Проснулась оттого, что кто-то меня больно хлопал по щекам. Помню, из глаз сразу потекли под голову ручьем слезы, горячие и обильные. Боль ужасная. Мне казалось, что она еще сильнее, чем была в отряде, когда рвались, как шпагат, трещали сухожилия, сосуды, нервы. Даже глазами в сторону посмотреть нельзя – голова разламывается, внутренности выворачивает от тошноты, ежесекундные позывы к рвоте. И этот ужасный, смешанный, как будто я проглотила разом целую аптеку, запах лекарств. Ноги мои я ощущала огромными, разбухшими, тяжелыми. Жжет их огнем, а всю меня колотит как в лихорадке и дергает так, что сотрясается кровать.
Дня четыре после операции меня непрерывно рвало и тошнило, есть и пить я совершенно не могла.

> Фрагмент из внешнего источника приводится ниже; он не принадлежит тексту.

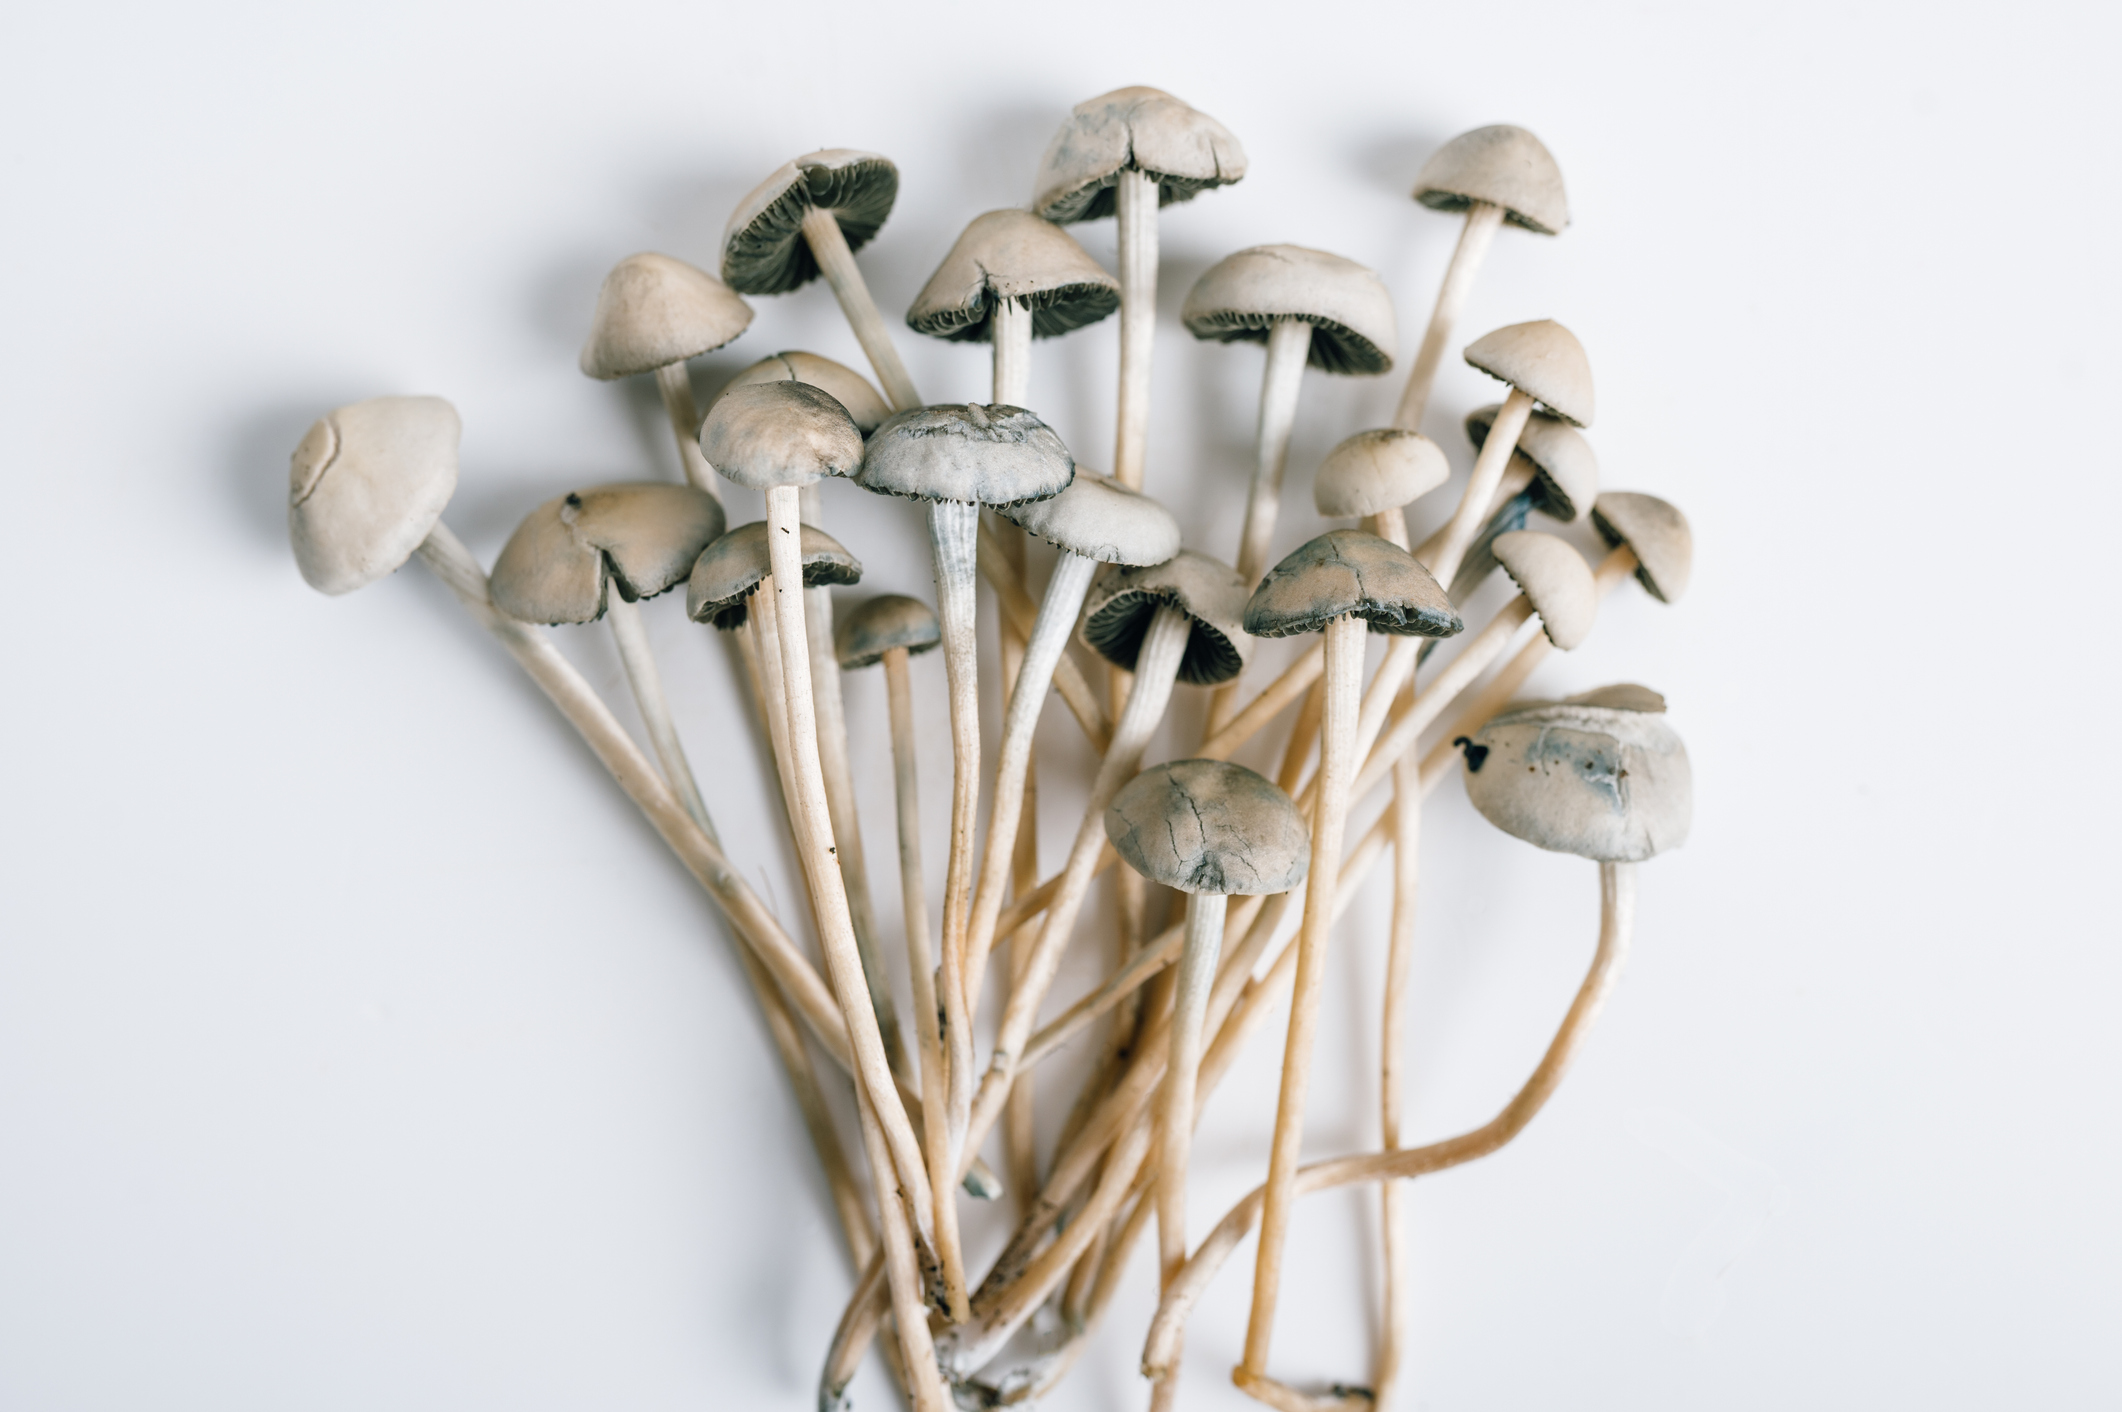 Copelandia Mushroom Panaeolus Cyanescens or Copelandia Cyanescens is one of the most potent mushrooms in the world

Делали какие-то уколы, вливания, поили бычьей кровью. Принесут кружку еще теплой, и вот пей. Какая мука! А старшая сестра Аня держит кусочек шоколада, чтобы заесть, и уговаривает, как маленькую девочку:
– Адочка, миленькая, вот возьми, не дыши и – сразу! Залпом, единым дыхом. Р-р-раз! Ну, Адочка, тебя прошу, тебя, ну как землячку прошу, я же витебская, будь добренькая, ради меня!
Как откажешься: пила, конечно…
Я стала немного подниматься, полусидела, а есть все не могла. Няней в нашей палате была женщина из Лосиноостровской, фамилия ее не то Воейко, не то Воейкова. К ней ежедневно приезжала на электричке ее дочь Нина, девочка лет шестнадцати-семнадцати. Почти все дни после операции она проводила в моей палате. И я рада была этому: во-первых, мы нашли общий язык, о чем-то все говорили и говорили; во-вторых, я отдавала ей все свои обеды, ужины, завтраки и таким образом спасалась от еды. Я ей от души была благодарна за это «спасение». Но потом кто-то или заметил или догадался, и Нину стали «просить» из палаты. Во время «приема пищи» приходили старшая сестра Аня или Шурочка и насильно толкали в меня супы, каши, мясо, компоты.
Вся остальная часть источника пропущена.